From the top of the entries below through the line containing "ست 3 تکه لباس زنانه تولیکا کد 4147202", return every line exactly as written, please, and stop there.

Dataset items:
* * *

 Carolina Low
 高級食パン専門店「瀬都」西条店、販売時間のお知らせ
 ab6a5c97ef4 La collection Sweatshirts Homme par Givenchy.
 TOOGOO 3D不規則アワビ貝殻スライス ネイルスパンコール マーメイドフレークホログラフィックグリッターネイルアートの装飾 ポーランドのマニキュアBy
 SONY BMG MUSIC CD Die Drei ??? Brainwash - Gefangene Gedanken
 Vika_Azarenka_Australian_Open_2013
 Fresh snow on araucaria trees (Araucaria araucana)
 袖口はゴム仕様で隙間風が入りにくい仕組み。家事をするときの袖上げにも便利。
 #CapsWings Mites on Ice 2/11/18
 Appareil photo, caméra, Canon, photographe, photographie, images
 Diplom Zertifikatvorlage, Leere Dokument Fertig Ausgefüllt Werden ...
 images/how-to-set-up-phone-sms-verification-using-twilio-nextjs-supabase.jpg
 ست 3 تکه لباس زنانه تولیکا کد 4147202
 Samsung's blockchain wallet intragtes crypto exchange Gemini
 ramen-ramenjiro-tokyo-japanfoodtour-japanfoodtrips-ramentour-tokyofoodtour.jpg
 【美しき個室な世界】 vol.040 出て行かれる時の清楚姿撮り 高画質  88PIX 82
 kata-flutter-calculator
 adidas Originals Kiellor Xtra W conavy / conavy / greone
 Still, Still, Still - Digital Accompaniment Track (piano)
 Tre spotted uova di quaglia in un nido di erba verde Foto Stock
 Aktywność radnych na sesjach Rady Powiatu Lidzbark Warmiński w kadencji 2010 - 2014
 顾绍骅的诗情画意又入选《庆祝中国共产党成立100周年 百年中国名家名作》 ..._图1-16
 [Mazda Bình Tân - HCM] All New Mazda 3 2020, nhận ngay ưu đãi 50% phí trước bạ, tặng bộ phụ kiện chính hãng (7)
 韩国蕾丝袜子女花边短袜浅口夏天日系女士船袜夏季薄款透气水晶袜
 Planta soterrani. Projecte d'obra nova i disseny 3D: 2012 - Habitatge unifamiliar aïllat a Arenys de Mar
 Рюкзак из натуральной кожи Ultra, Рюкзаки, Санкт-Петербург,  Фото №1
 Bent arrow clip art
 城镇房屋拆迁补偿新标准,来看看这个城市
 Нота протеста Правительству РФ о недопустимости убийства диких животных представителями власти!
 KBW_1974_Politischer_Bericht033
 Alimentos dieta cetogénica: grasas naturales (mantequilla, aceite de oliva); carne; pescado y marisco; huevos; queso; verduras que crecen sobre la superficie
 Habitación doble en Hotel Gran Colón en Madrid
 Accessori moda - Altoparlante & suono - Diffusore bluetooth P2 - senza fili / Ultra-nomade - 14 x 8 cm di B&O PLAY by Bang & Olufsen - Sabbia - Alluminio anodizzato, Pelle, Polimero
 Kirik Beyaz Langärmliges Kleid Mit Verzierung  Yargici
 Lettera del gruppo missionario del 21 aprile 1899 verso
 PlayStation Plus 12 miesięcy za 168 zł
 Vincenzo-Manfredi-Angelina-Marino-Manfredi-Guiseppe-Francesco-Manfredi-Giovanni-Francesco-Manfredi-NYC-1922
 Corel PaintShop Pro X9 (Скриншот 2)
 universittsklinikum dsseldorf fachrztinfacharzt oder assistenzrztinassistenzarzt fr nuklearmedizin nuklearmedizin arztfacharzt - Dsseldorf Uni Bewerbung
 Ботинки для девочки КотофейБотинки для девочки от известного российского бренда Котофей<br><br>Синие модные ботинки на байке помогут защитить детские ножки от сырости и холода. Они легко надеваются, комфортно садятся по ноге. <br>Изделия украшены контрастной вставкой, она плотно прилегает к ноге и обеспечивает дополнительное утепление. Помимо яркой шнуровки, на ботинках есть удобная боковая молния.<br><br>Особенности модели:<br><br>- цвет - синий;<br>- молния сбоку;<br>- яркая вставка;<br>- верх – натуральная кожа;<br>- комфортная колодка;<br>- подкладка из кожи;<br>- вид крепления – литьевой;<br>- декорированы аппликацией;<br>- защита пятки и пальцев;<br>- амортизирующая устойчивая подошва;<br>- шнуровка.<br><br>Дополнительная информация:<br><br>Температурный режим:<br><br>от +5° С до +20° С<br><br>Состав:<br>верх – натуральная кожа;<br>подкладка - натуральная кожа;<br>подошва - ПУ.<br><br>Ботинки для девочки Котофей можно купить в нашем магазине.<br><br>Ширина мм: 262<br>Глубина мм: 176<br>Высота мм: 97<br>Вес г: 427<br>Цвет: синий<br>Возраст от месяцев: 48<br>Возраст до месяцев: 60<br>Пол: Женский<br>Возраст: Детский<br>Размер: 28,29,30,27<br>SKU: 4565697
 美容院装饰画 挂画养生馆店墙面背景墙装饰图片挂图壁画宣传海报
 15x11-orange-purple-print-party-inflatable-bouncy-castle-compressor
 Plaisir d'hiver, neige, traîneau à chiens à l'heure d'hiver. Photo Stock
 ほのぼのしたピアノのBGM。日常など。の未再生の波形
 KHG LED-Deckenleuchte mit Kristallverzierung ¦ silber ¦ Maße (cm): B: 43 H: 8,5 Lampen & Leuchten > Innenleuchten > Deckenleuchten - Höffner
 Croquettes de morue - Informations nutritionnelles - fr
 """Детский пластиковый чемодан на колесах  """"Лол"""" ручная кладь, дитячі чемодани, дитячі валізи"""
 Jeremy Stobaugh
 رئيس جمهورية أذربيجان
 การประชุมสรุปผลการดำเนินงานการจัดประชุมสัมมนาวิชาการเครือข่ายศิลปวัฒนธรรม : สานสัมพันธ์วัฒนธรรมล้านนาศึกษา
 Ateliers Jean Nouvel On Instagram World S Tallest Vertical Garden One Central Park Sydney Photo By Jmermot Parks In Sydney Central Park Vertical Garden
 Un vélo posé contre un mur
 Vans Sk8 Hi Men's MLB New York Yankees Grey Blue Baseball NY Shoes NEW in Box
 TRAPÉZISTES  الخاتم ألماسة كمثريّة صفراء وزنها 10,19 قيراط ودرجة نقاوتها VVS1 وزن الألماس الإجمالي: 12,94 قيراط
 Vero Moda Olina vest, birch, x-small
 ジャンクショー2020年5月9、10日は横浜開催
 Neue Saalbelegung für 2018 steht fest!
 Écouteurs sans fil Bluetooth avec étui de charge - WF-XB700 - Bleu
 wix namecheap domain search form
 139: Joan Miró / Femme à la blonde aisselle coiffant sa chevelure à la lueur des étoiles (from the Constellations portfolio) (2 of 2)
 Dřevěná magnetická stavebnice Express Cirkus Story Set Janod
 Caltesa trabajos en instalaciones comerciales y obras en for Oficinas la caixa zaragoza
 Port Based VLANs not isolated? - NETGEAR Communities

* * *

YOUR RESPONSE:
 Carolina Low
 高級食パン専門店「瀬都」西条店、販売時間のお知らせ
 ab6a5c97ef4 La collection Sweatshirts Homme par Givenchy.
 TOOGOO 3D不規則アワビ貝殻スライス ネイルスパンコール マーメイドフレークホログラフィックグリッターネイルアートの装飾 ポーランドのマニキュアBy
 SONY BMG MUSIC CD Die Drei ??? Brainwash - Gefangene Gedanken
 Vika_Azarenka_Australian_Open_2013
 Fresh snow on araucaria trees (Araucaria araucana)
 袖口はゴム仕様で隙間風が入りにくい仕組み。家事をするときの袖上げにも便利。
 #CapsWings Mites on Ice 2/11/18
 Appareil photo, caméra, Canon, photographe, photographie, images
 Diplom Zertifikatvorlage, Leere Dokument Fertig Ausgefüllt Werden ...
 images/how-to-set-up-phone-sms-verification-using-twilio-nextjs-supabase.jpg
 ست 3 تکه لباس زنانه تولیکا کد 4147202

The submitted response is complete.